2010-05-19 17:03:37 | Jazz

The Great Jazz Trio At The Village Vanguard (East Wind)

スイング・ジョーナルの休刊に続き、ハンク・ジョーンズという偉大なジャズピアニストの訃報にも衝撃を受けました。なにしろ、つい最近まで来日公演もやっていましたからねぇ……。享年91歳という大往生ながら、やはりジャズの歴史を確実に作り上げてきたひとりとして、忘れられることはないと思います。

例えばチャーリー・パーカー晩年の名作セッションを収めたアルバム「ナウ・ザ・タイム (Verve)」、キャノンボール・アダレイとマイルス・デイビスの「枯葉」があまりにも有名な「サムシン・エルス (Blue Note)」、そのキャノンボール・アダレイのデビュー盤「プレゼンティング (Savoy)」等々は特別な人気盤になっていますが、個人的には地味ながらも素晴らしいジャズセンスが豊潤な味わい醸し出した「ヒアズ・ラプ (Argo)」や「ポギーとベス (Capitol)」、「ハンキー・パンキー (East Wind)」あたりのリーダー作も、棺桶に入れてもらいたいほど愛聴しています。

しかしそうした凄いキャリアの中にあって、一般的な存在感がグッと身近になったは、1977年に発売された本日ご紹介のライプ盤じゃないでしょうか。

なんといってもトリオを構成しているのは、当時既に大ベテランの域に入っていたハンク・ジョーンズ(p) に加え、ロン・カーター(b) にトニー・ウィリアムス(ds) というバリバリでしたからねぇ~。
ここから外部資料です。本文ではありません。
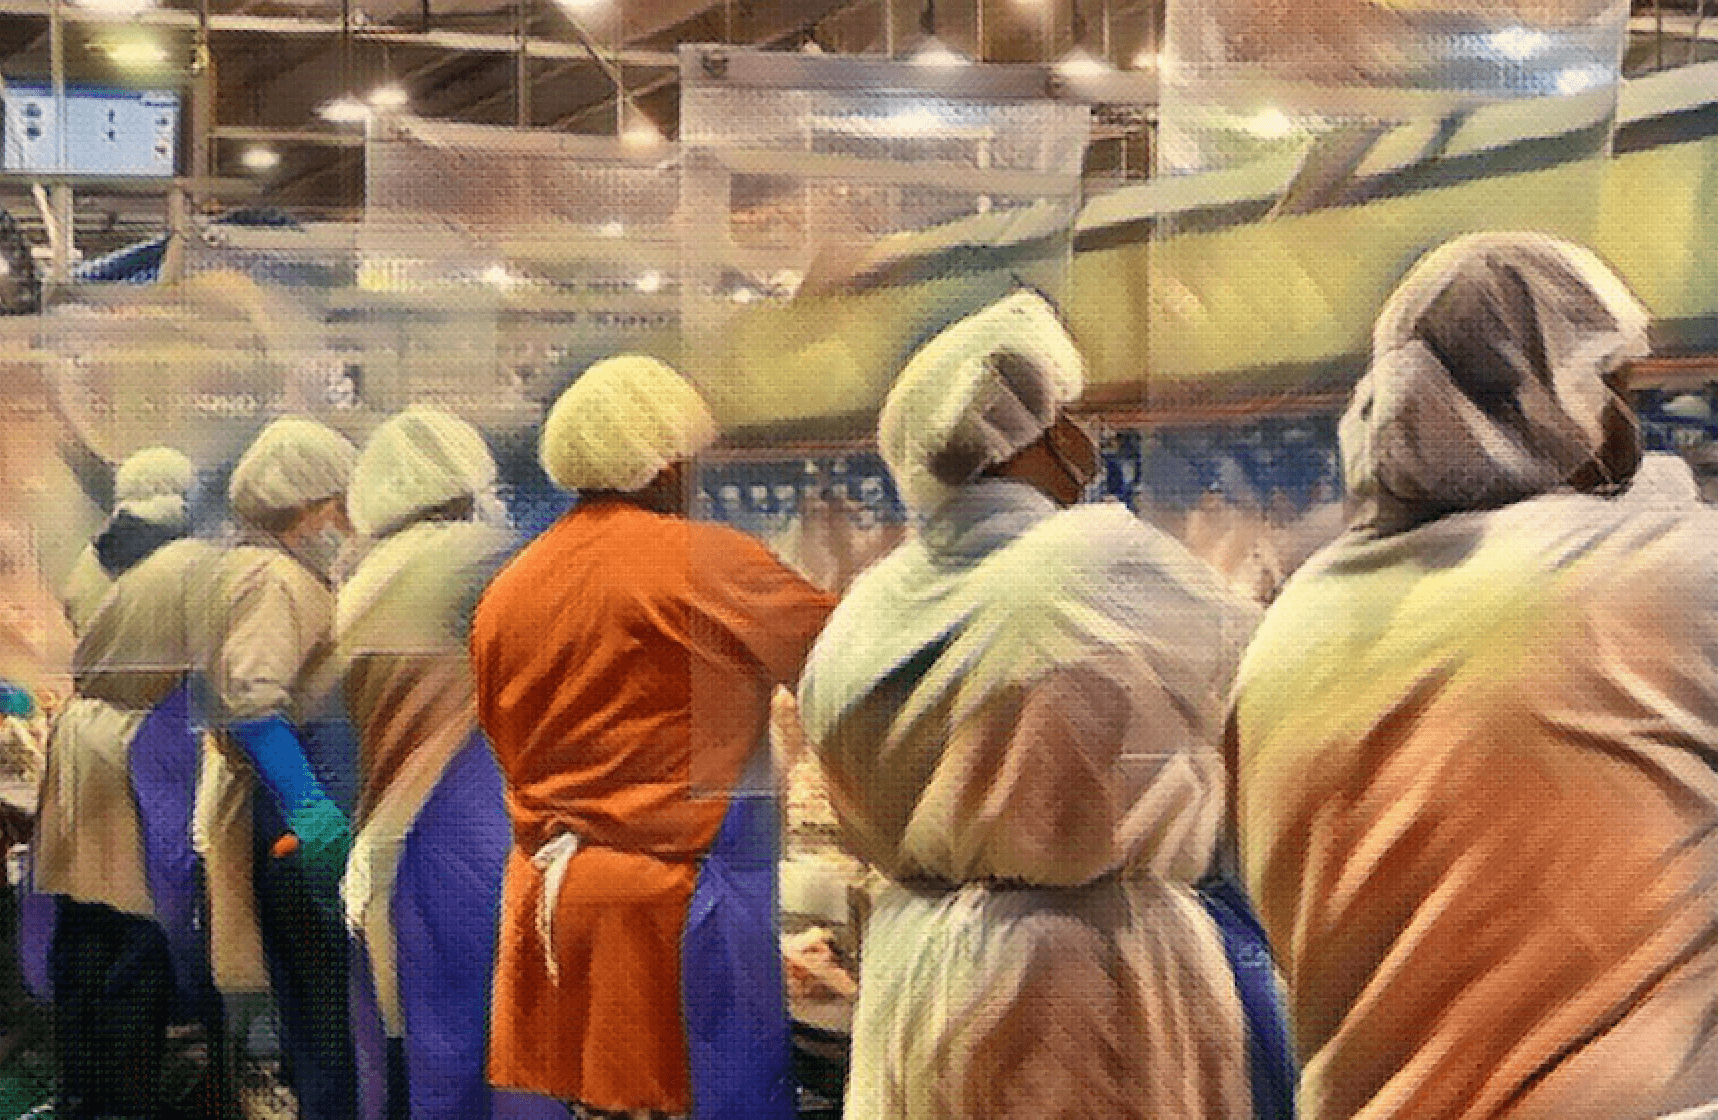 Processing plant workers with image treatment. April 2021

些か大袈裟なグループ名も強ち過大とは言えないものがあります。

録音は1977年2月19&20日、ニューヨークの名門ジャズクラブ「ヴィレッジ・バンガード」でのライプセッションを収めていますが、その制作に関わったのが日本のレコード会社だったというのが、リアルタイムで賛否両論でした。
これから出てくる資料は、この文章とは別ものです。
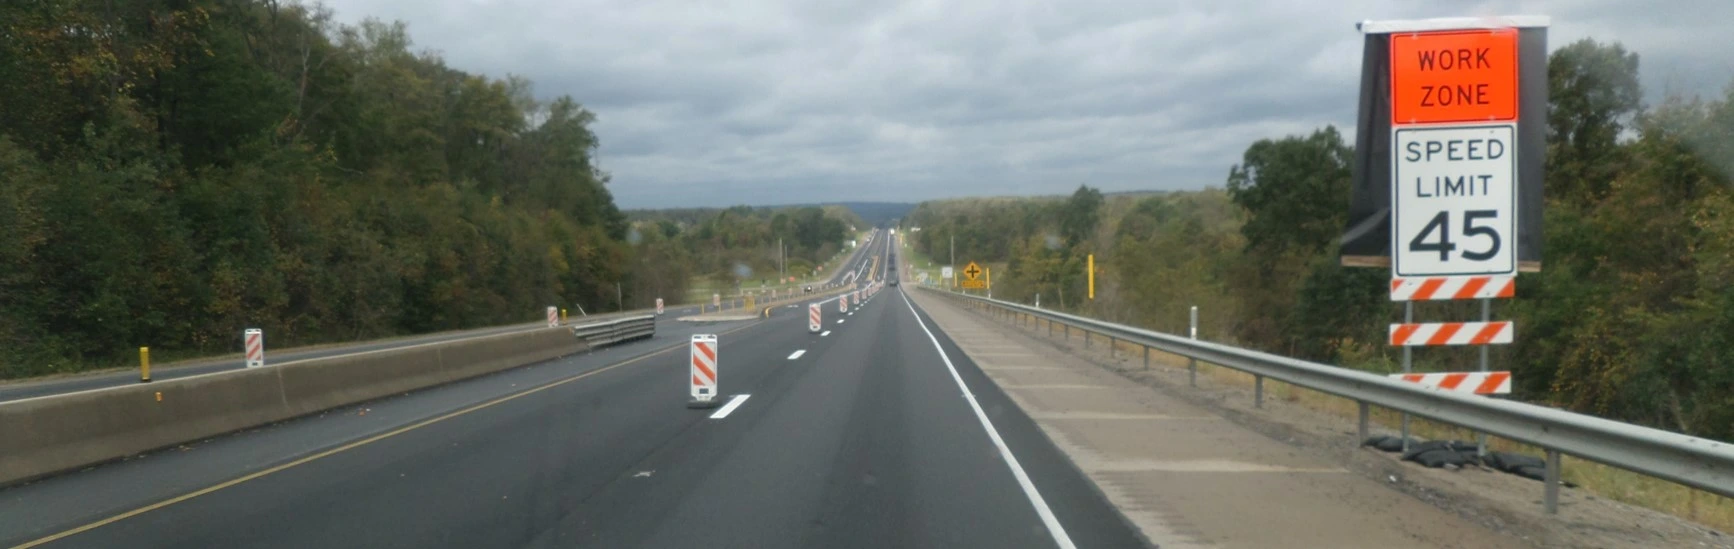 An image showing a blacktop highway with an orange work-zone sign and a white speed limit sign with 45 miles per hour in black letters and numbers, and trees on either side of the road.

と言うのも、このアルバムが出るにあたっては、現実のライプセッションのレポートがそれ以前にスイングジャーナルで大きく報じられ、日本のレコード会社によってライプレコーディングも行われたという記述があったからです。

しかも更に遡れば、実はこのトリオが結成されたのは1975年春、トニー・ウィリアムスの主導によって1週間だけ同クラブに出演したという記録があり、その夢のような出来事を再現するべく狙って作られたと思しきアルバムが、我国のイーストウインドレーベルから1976年に出た「アイム・オールド・ファッション」という、渡辺貞夫+グレート・ジャズ・トリオのアルバムだったのです。
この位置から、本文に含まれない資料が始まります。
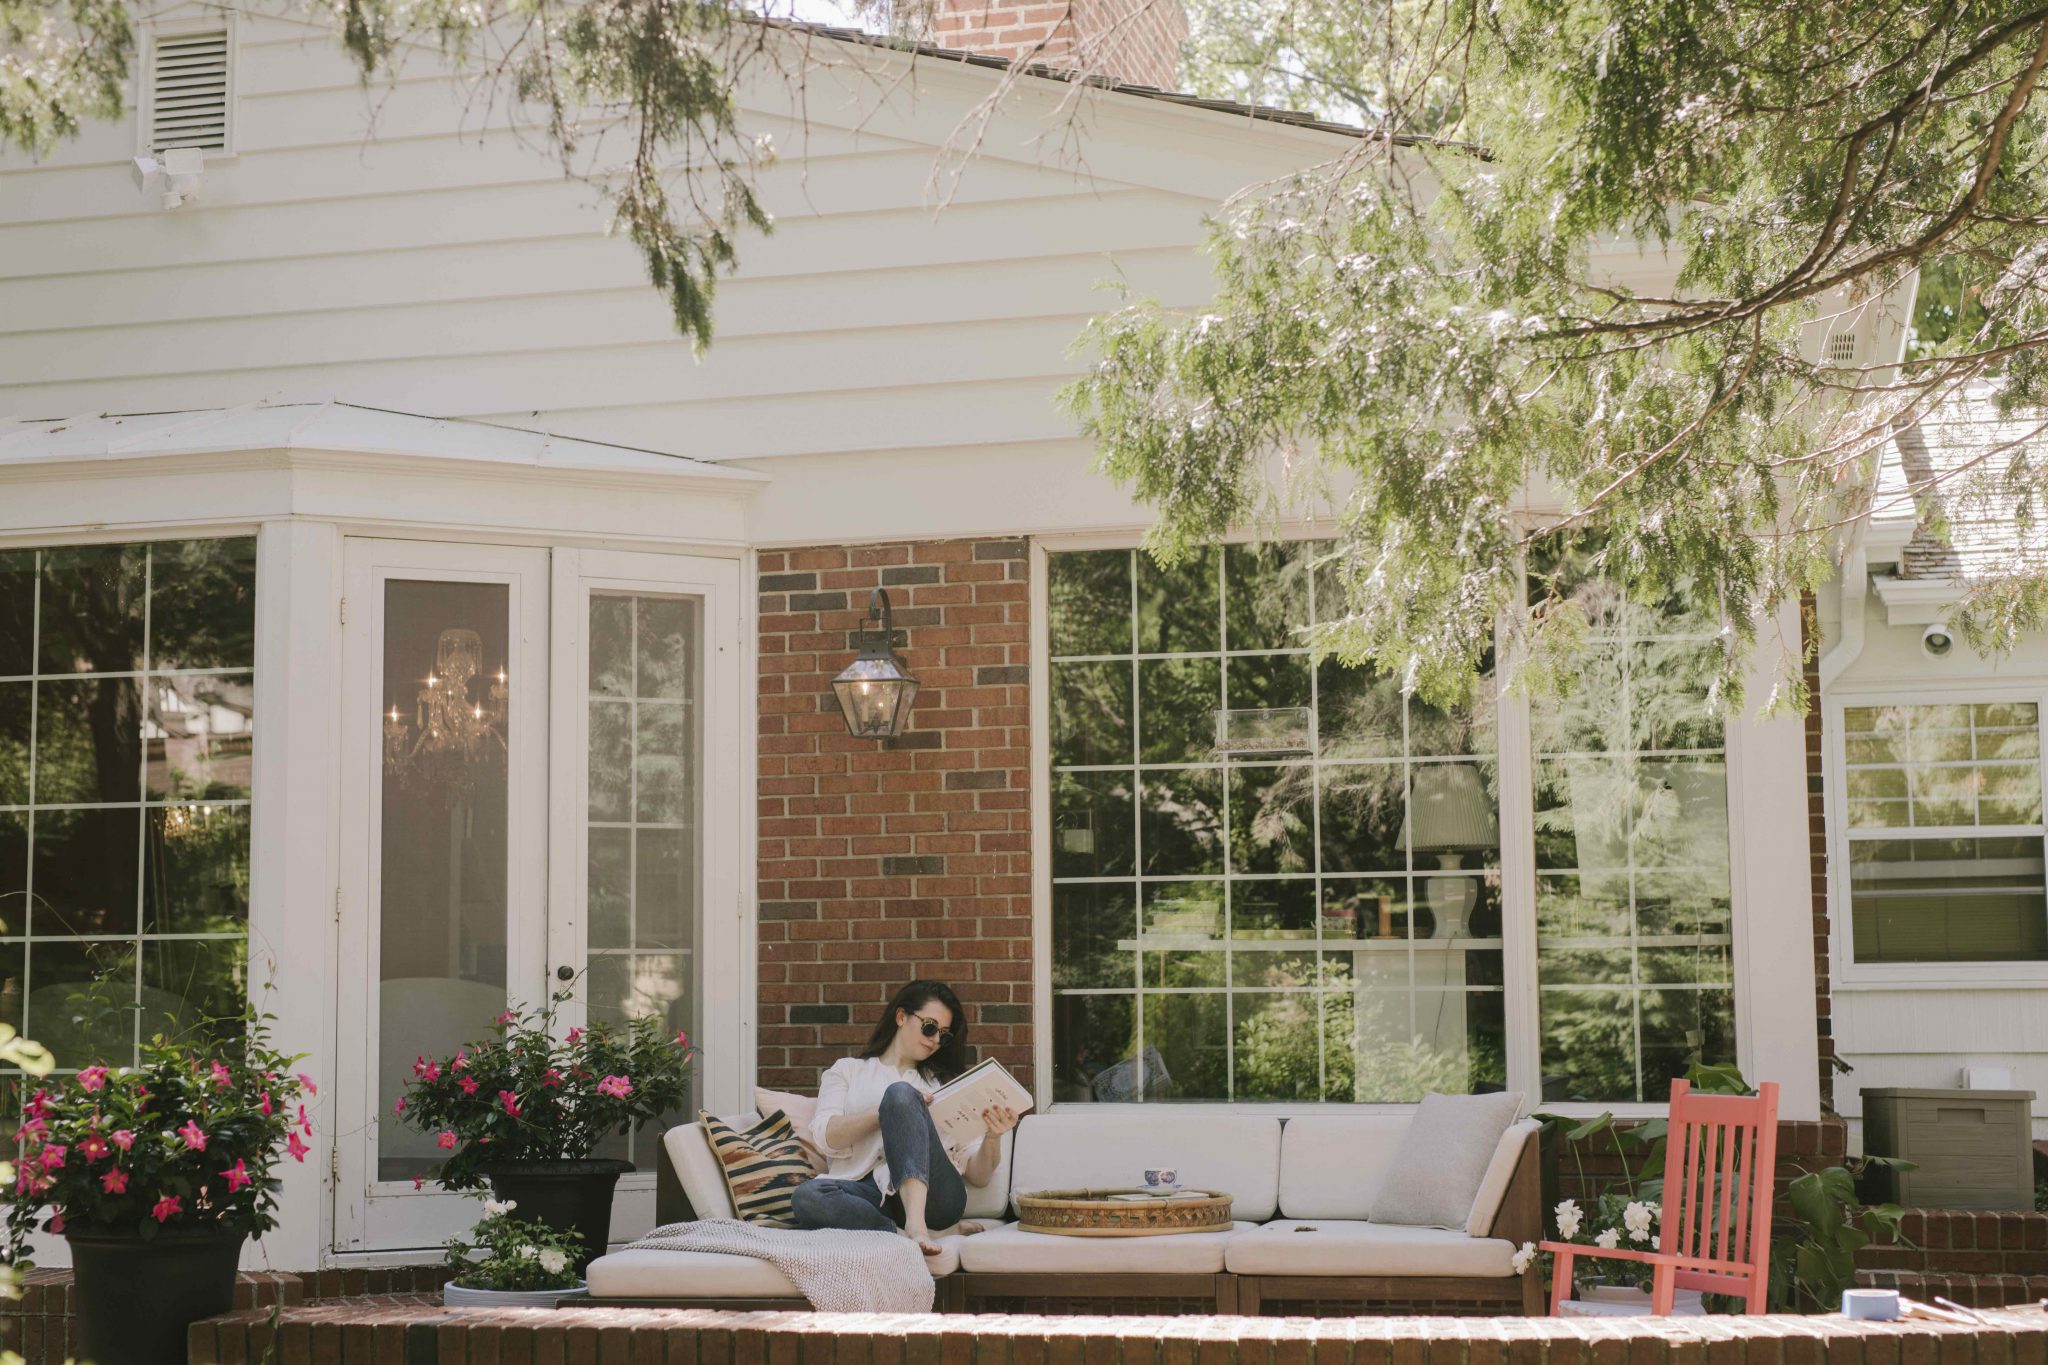 The Painting Project That Transformed My Backyard | Wit & Delight

ちなみに当時は説明不要のフュージョン全盛期! その最中に純正4ビートへ回帰した演奏が、トニー・ウィリアムスやロン・カーターという、それに染まりきっていたスタアプレイヤーによって行われたいう事実は決して軽いものではありませんでしたし、もちろんその年のニューポートジャズ祭では、ハービー・ハンコックやフレディ・ハバード、さらにウェイン・ショーターまでもが参集した「V.S.O.P.」が、後のジャズの歴史を塗り替えるが如き大反響を巻き起こしたのですから、グレート・ジャズ・トリオの存在は尚更に強いものがありました。

ただし前述の渡辺貞夫のアルバムにしても日本制作ですから、何故に本場アメリカのレコード会社は……??? という煮え切らない気分がジャズ者にはあったと思いますし、実際、サイケおやじもスイングジャーナルというジャズマスコミでは圧倒的な影響力とタイアップ企画ような部分には、面白くないものを感じていました。

まあ、今となっては当時のアメリカのレコード会社、特に大手はフュージョン制作ばかりを優先させ、優良な4ビート作品は欧州や日本のマイナーレーベルから発売されていた事実を忘れてはならないと思います。

それは現に前述した「V.S.O.P.」がCBSコロムビアから発売され、ベストセラーになったことから所謂新伝承派と呼ばれた若手の登場まで繋がる動きとなって、ある意味ではジャズの伝統芸能化になったなったわけですが、だからと言って、4ビートの素敵な魅力が受け継がれたことを否定は出来ないでしょう。

しかし、ここで楽しめるのは決して古いジャズではありません。

それを実証するのが低音域重視の音作りというか、同様の事は前述した渡辺貞夫の「アイム・オールド・ファッション」でも聴かれたんですが、トニー・ウィリアムスのド迫力のバスドラやロン・カーターのグイノリのウッドベースが凄いパワーで記録されています。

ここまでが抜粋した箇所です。